Qu’il y ait malgré tout une tendance réflexe à l’autarcie, à savoir du moins à un renforcement de l’«autosuffisance» est dû à la crainte qu’il faille renoncer à la protection territoriale et donc politique, ou en d’autres termes au contrôle sur la production de certains biens. Dans un cas extrême, un Etat étranger pourrait compliquer l’accès à ces biens, sans que rien ne puisse être fait contre cela. Aussi improbable qu’un tel cas puisse paraître, le danger n’est pas à exclure. Mais, c’est le fait de répondre à cette problématique en exerçant une pression au niveau politique pour augmenter la production indigène (typiquement au moyen de subventions) ou par la protection du marché n’est pas efficace. Au contraire : un commerce et un échange renforcé contribuent le mieux et de la manière la plus efficiente à une augmentation de la sécurité d’approvisionnement.Les mécanismes suivants y jouent un rôle central.
Une protection contre les pénuries internes. L’accès et/ou l’ouverture aux marchés internationaux permettent de compenser toute pénurie de sa propre économie. Cela est particulièrement vrai pour les produits dont la production est soumise à des fluctuations incontrôlables, notamment en raison de la météo ou des saisons. Pensons à la faible production d’électricité de la Suisse durant les mois hivernaux. Un petit pays comme la Suisse peut alors couvrir sans problème tout déficit de l’offre sur le marché mondial.
Diversification. En principe, le moyen le plus efficace contre la dépendance économique est la diversification. Ce qui représente une lapalissade pour les investissements sur les marchés financiers vaut aussi pour la sécurité d’approvisionnement en biens. Plus il y a d’économies nationales qui font partie des partenaires commerciaux, plus le risque est faible que l’accès à de tels biens soit menacé suite à des événements politiques. Les accords de libre-échange et le développement de nouveaux marchés augmentent la sécurité d’approvisionnement pour tous les biens, même si la concurrence accrue qui en découle devait conduire à la diminution de l’output de certains biens dans un pays producteur.
Echange mutuel. D’un enclin à l’autarcie découle souvent la crainte d’une dépendance unilatérale. Toutefois, dans les rares cas d’unilatéralité, les relations commerciales sont marquées par un échange mutuel et, par conséquent, d’une dépendance mutuelle. Dès lors, le risque d’une pénurie d’approvisionnement artificielle (c.-à-d. politique) baisse à mesure que les relations commerciales entre deux pays s’intensifient. Sachant que chaque partie devrait toujours compter sur des mesures de rétorsion, à son propre détriment. Dans ce contexte, l’intégration toujours plus forte de la Suisse dans l’économie mondiale (aussi bien du côté de l’importation que de l’exportation) doit être évaluée comme une amélioration de sa propre sécurité d’approvisionnement.

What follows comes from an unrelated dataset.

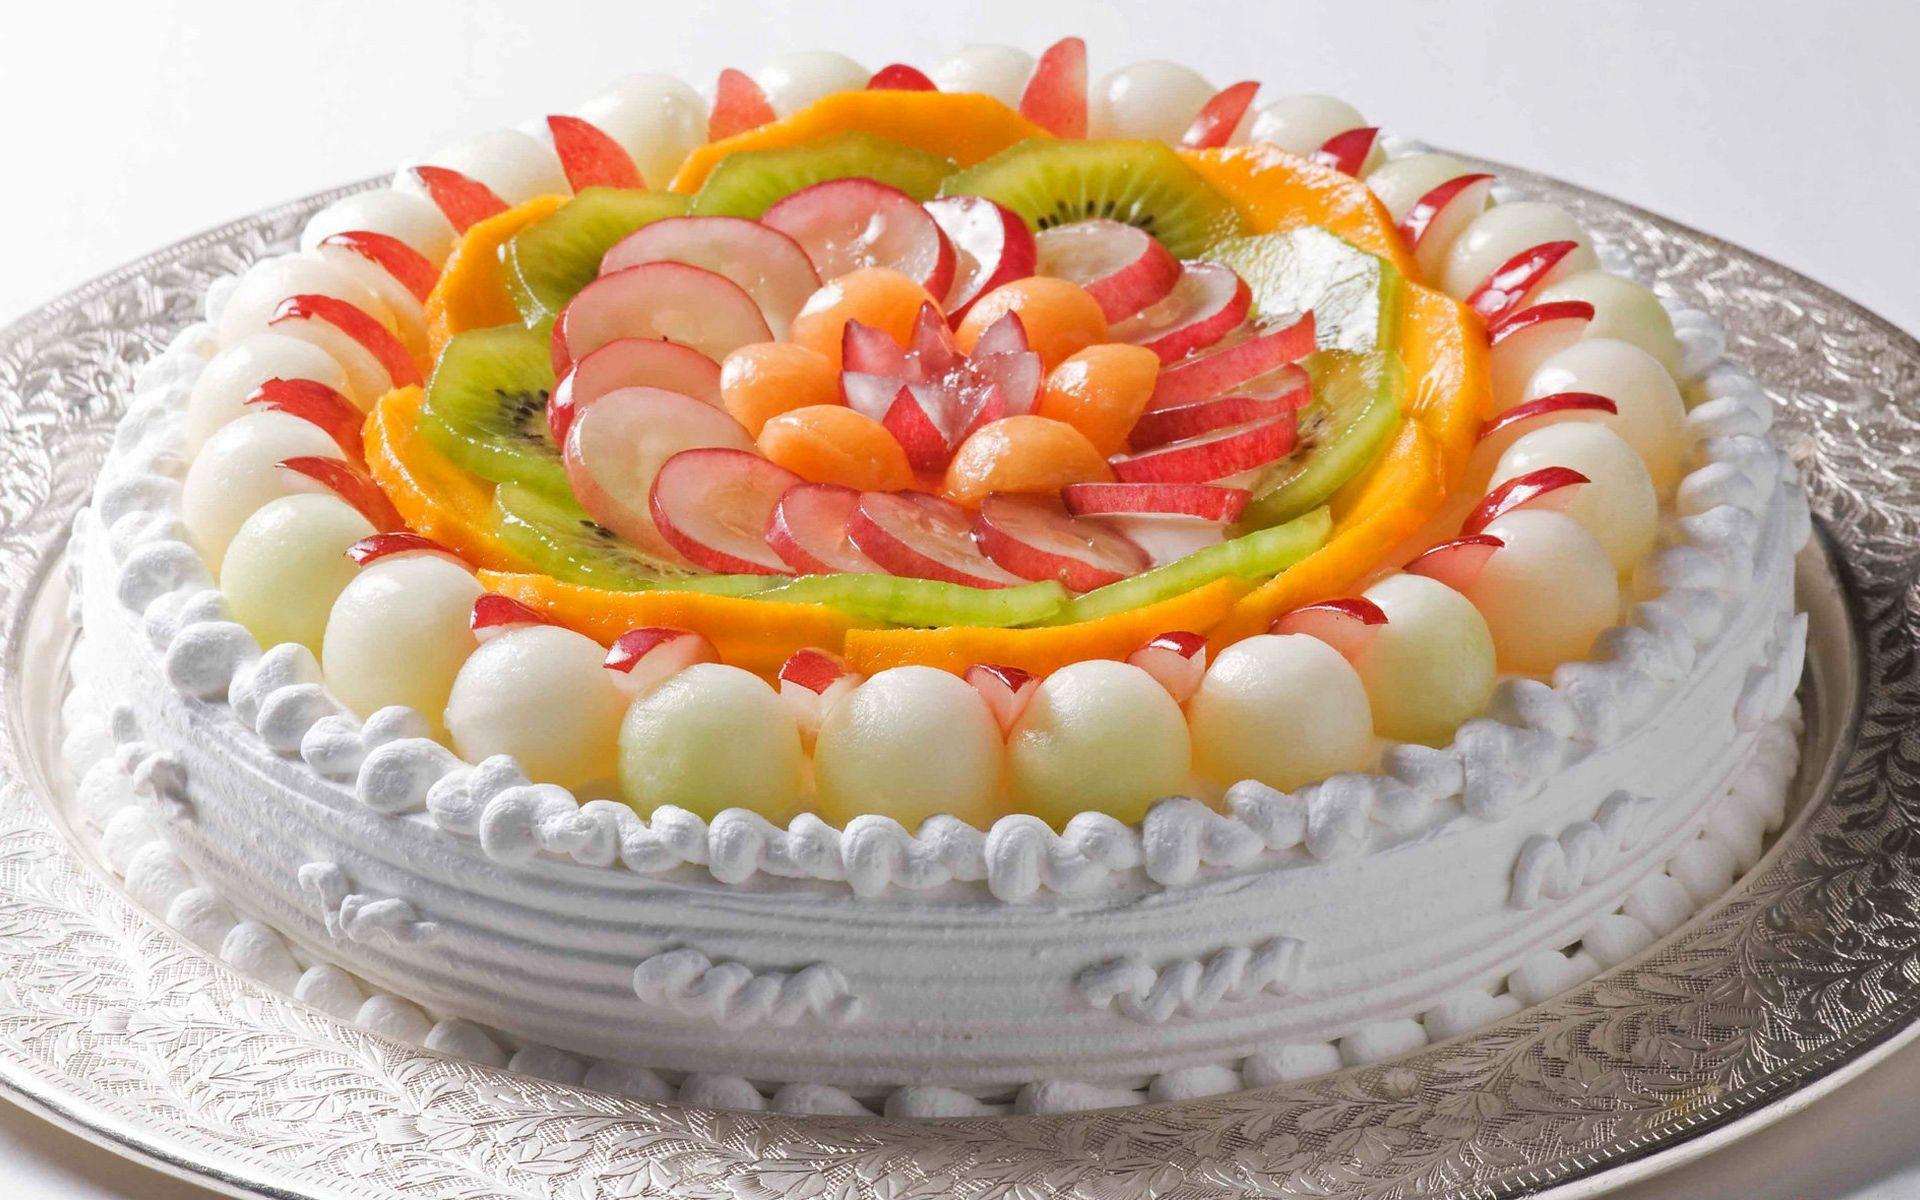 http://3.bp.blogspot.com/-Tl4JydSErLk/UHFYzlBQJVI/AAAAAAAALhI/-vpRXOdWafw/s1920/fruits_cake-wallpaper.jpg

L’ouverture économique augmente la sécurité d’approvisionnement
Des restrictions en matière de commerce et de concurrence conduisent à une perte de prospérité – comme l’histoire économique nous l’a souvent montré. Néanmoins, la politique tend à accepter ces restrictions eu égard à la sécurité d’approvisionnement en biens de la population. Elle fait cela, en pesant le pour et le contre de deux objectifs manifestement contradictoires que sont le bien-être économique et la sécurité d’approvisionnement. Cependant le conflit d’objectifs identifié se révèle erroné après examen approfondi. A l’inverse : une intégration plus forte dans l’économie mondiale améliore la sécurité d’approvisionnement en produits. Cela vaut encore plus pour un petit pays pauvre en matières premières comme la Suisse que pour d’autres économies.